Segun el Sr. Trallero, la pregunta fundamental que hay que hacer a los nacionalistas sobre este asunto, y desde luego es la unica a plantear, es que como es posible que se hablase mucho mas y mejor catalan cuando Franco que ahora.

#26.1 Don Rodrigo, Bcn, 12/12/2022 - 09:04

A ti y al Trallero se os ve el plumero.
En época de Franco no existían todavía las nuevas tecnologías ni la inmigración había llegado a las asfixiantes cifras actuales, fenómenos ambos que no son lingüisticamente controlables si no se dispone de un estado propio.

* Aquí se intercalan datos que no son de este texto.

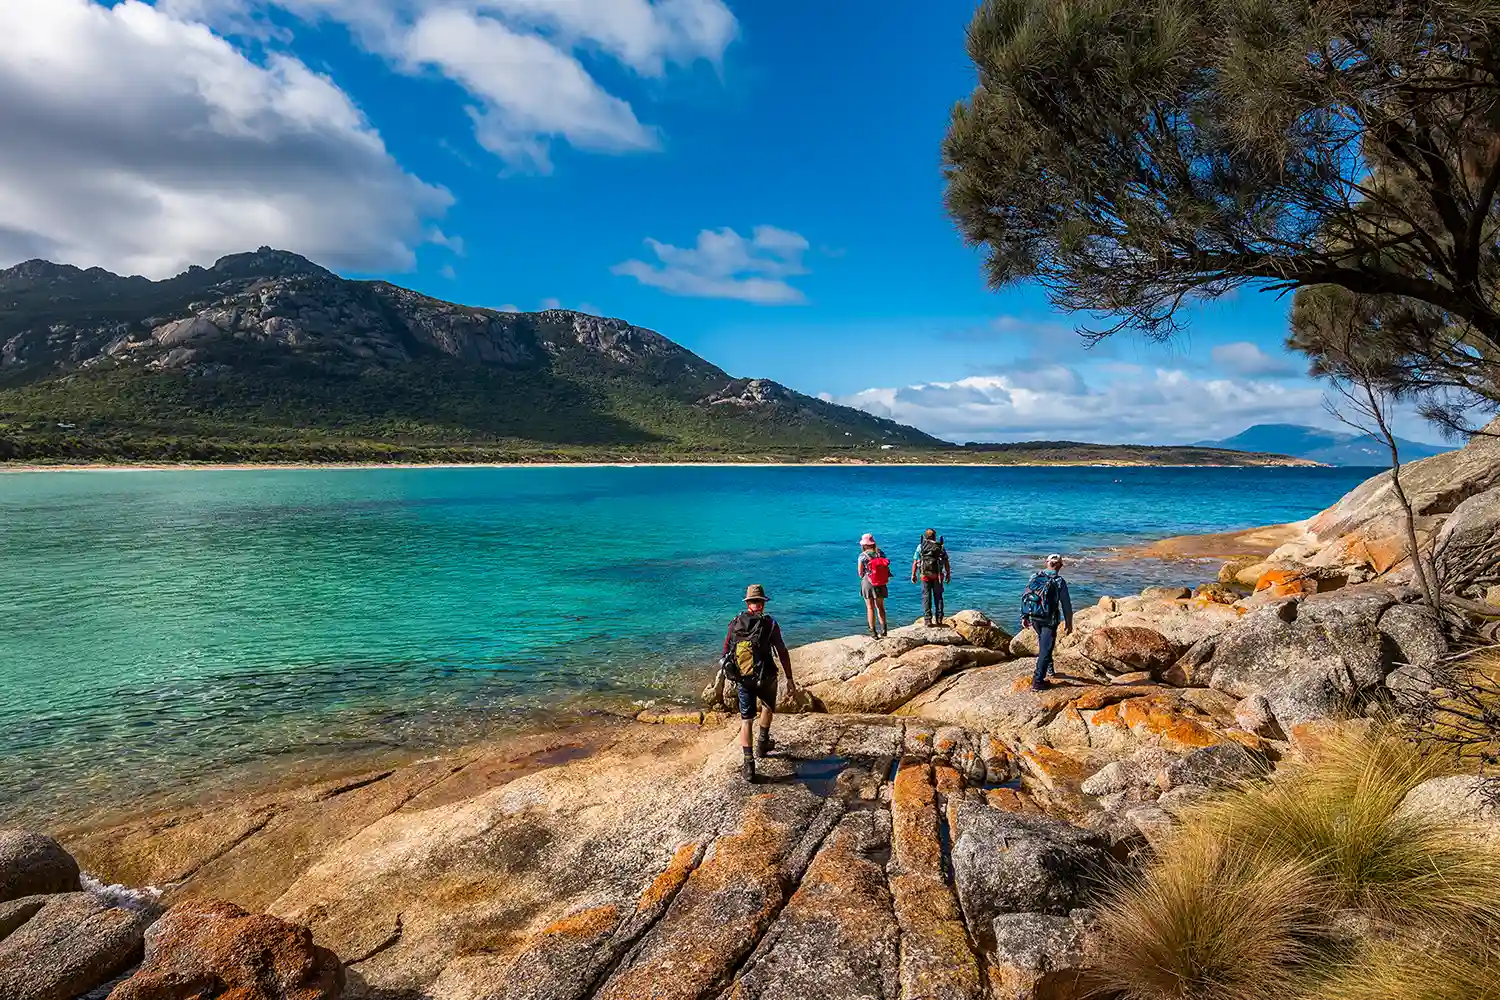 Tasmania impressionante: escursioni come in paradiso
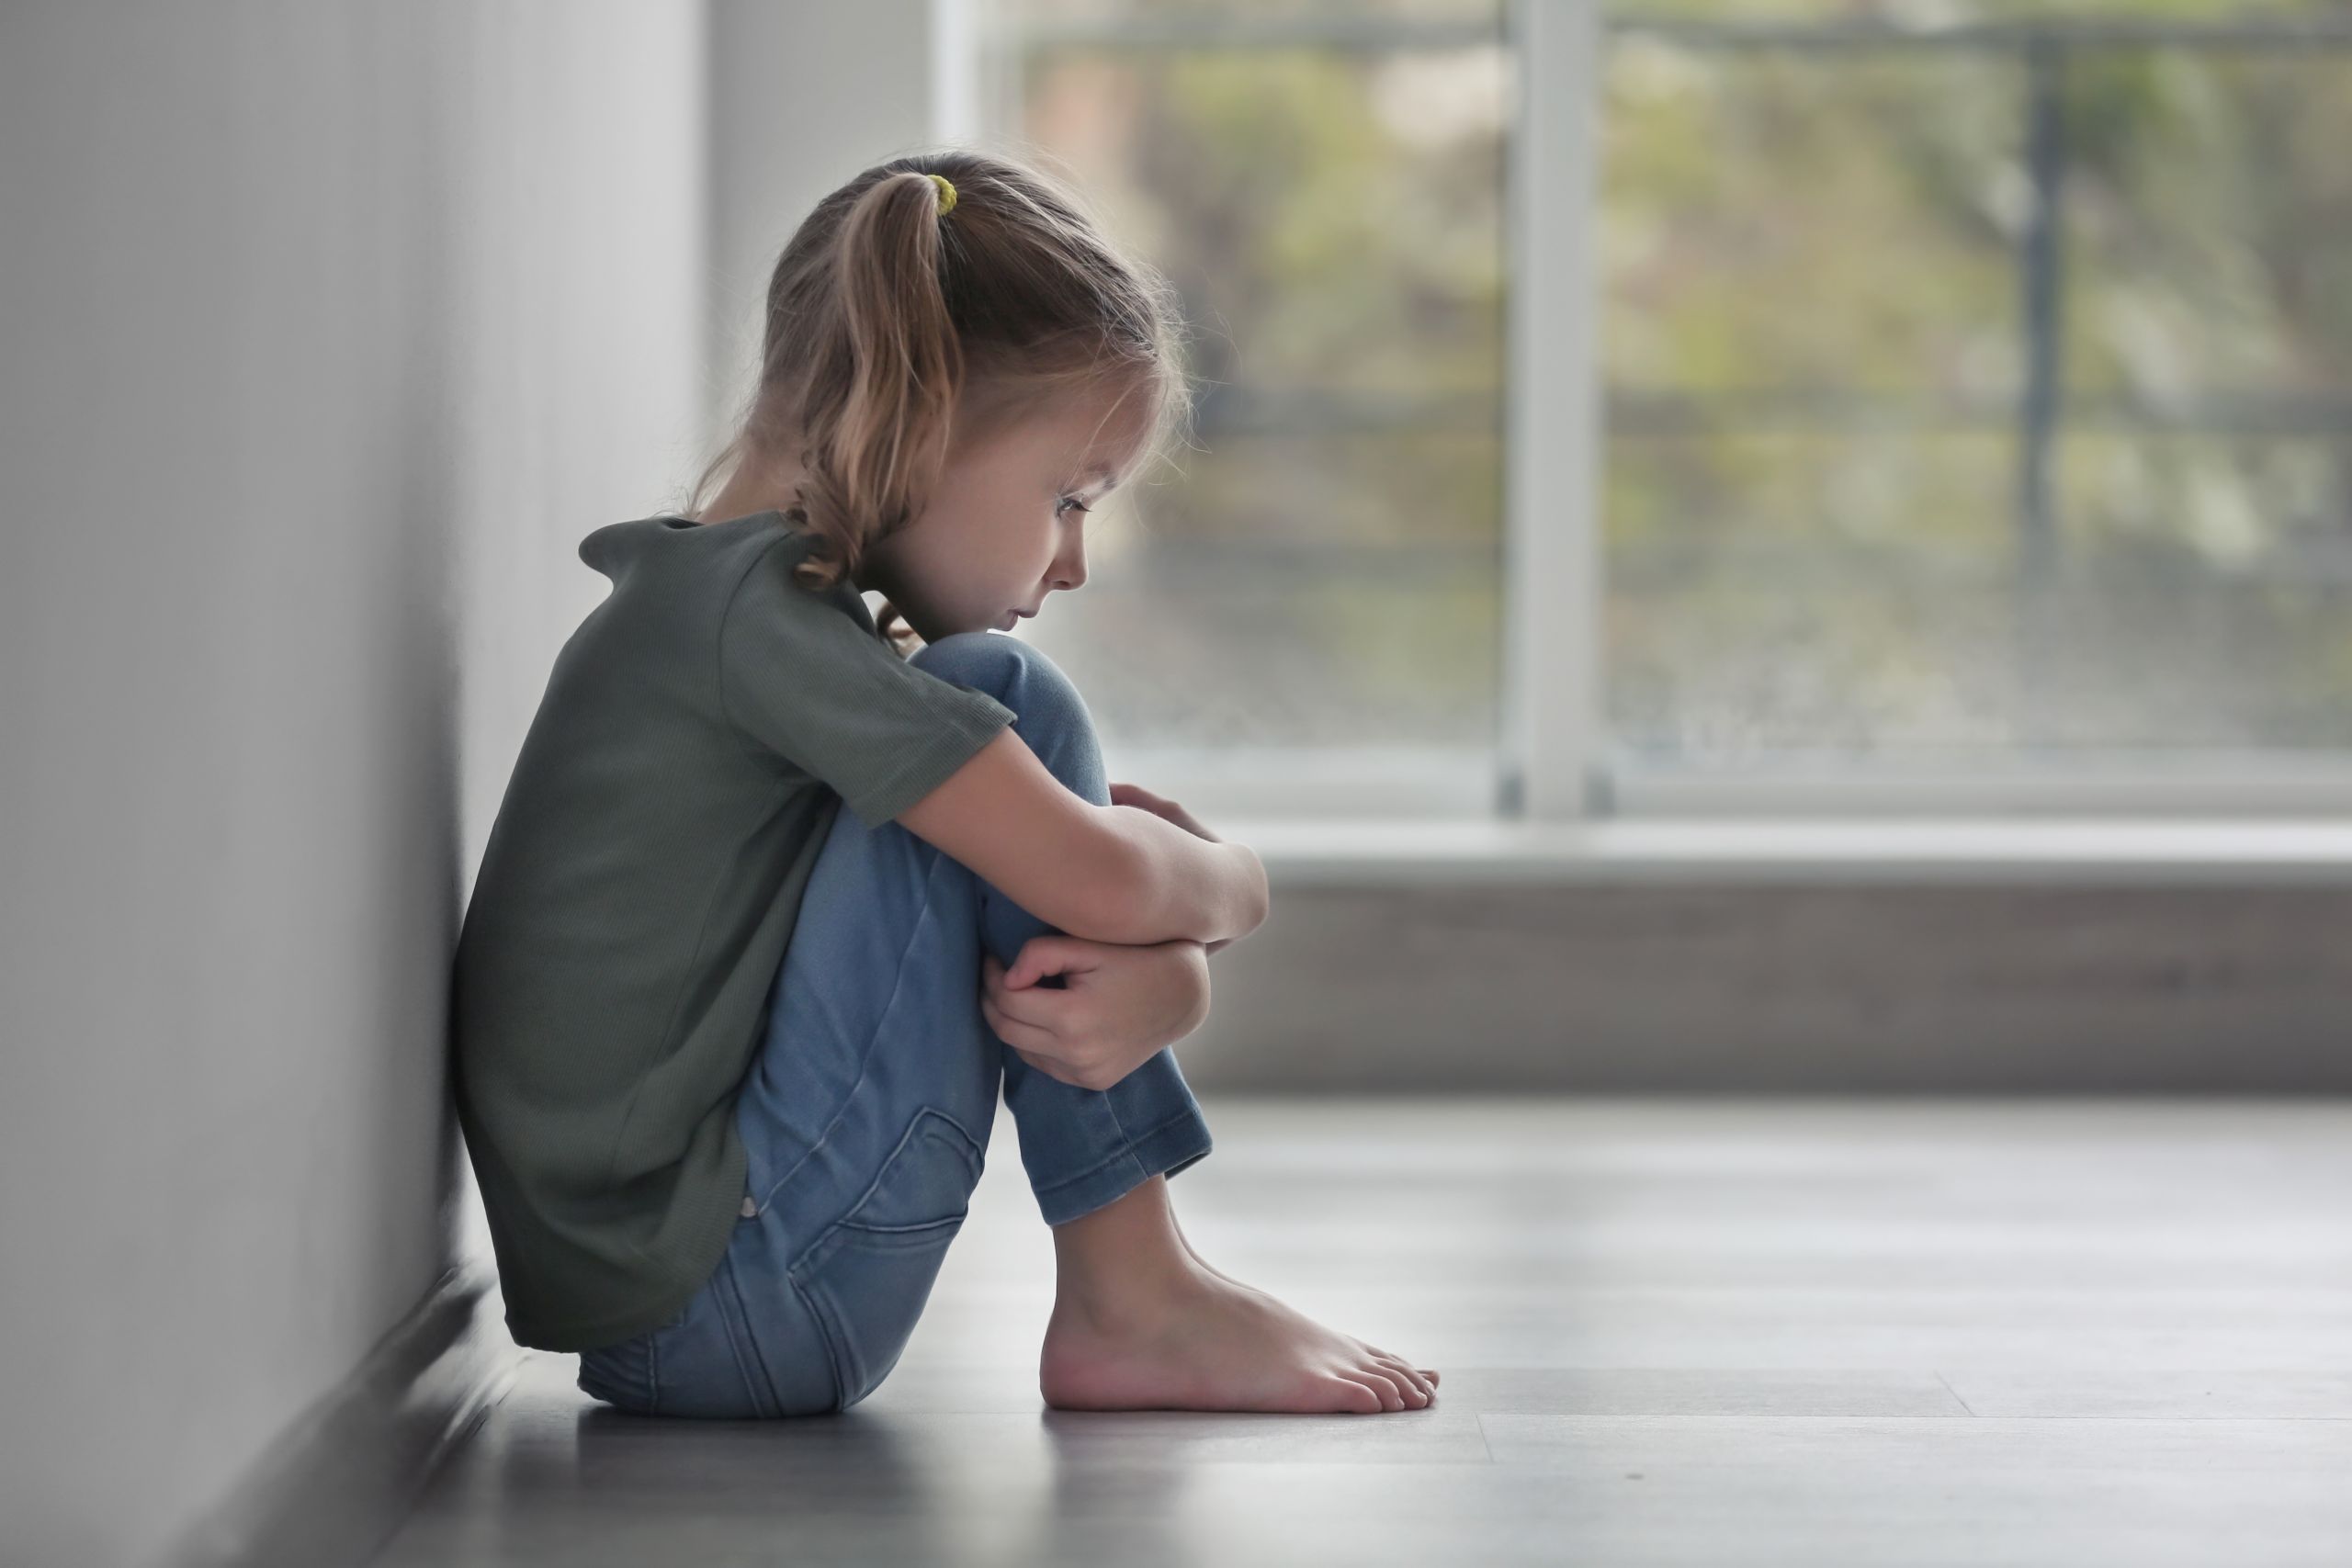 Το άγχος στην παιδική ηλικία επηρεάζει τον εγκέφαλο περισσότερο από έναν τραυματισμό στο κεφάλι έδειξε νέα έρευνα

#25 Ferrusolo, Sant celoni, 09/12/2022 - 06:00

¿Alguien ha prestado atencion a la proporcion de niños en cataluña? 13 de imigrantes frente a 1 de los nuestros.
Me parece que ademas del catalan se tendran que proteger a otras cosas...

#25.1 Botellita, San Cucufate, 09/12/2022 - 10:28

Cualos son los nuestros ?

#25.2 Ganxet , Reus, 11/12/2022 - 21:57

Los nuestros són els nyordos que van actuar com estan actuant els magrebins dels quals tan és queixen ara els mateixos nyordos. Doncs ara que es fotin i tastin la seva pròpia medicina.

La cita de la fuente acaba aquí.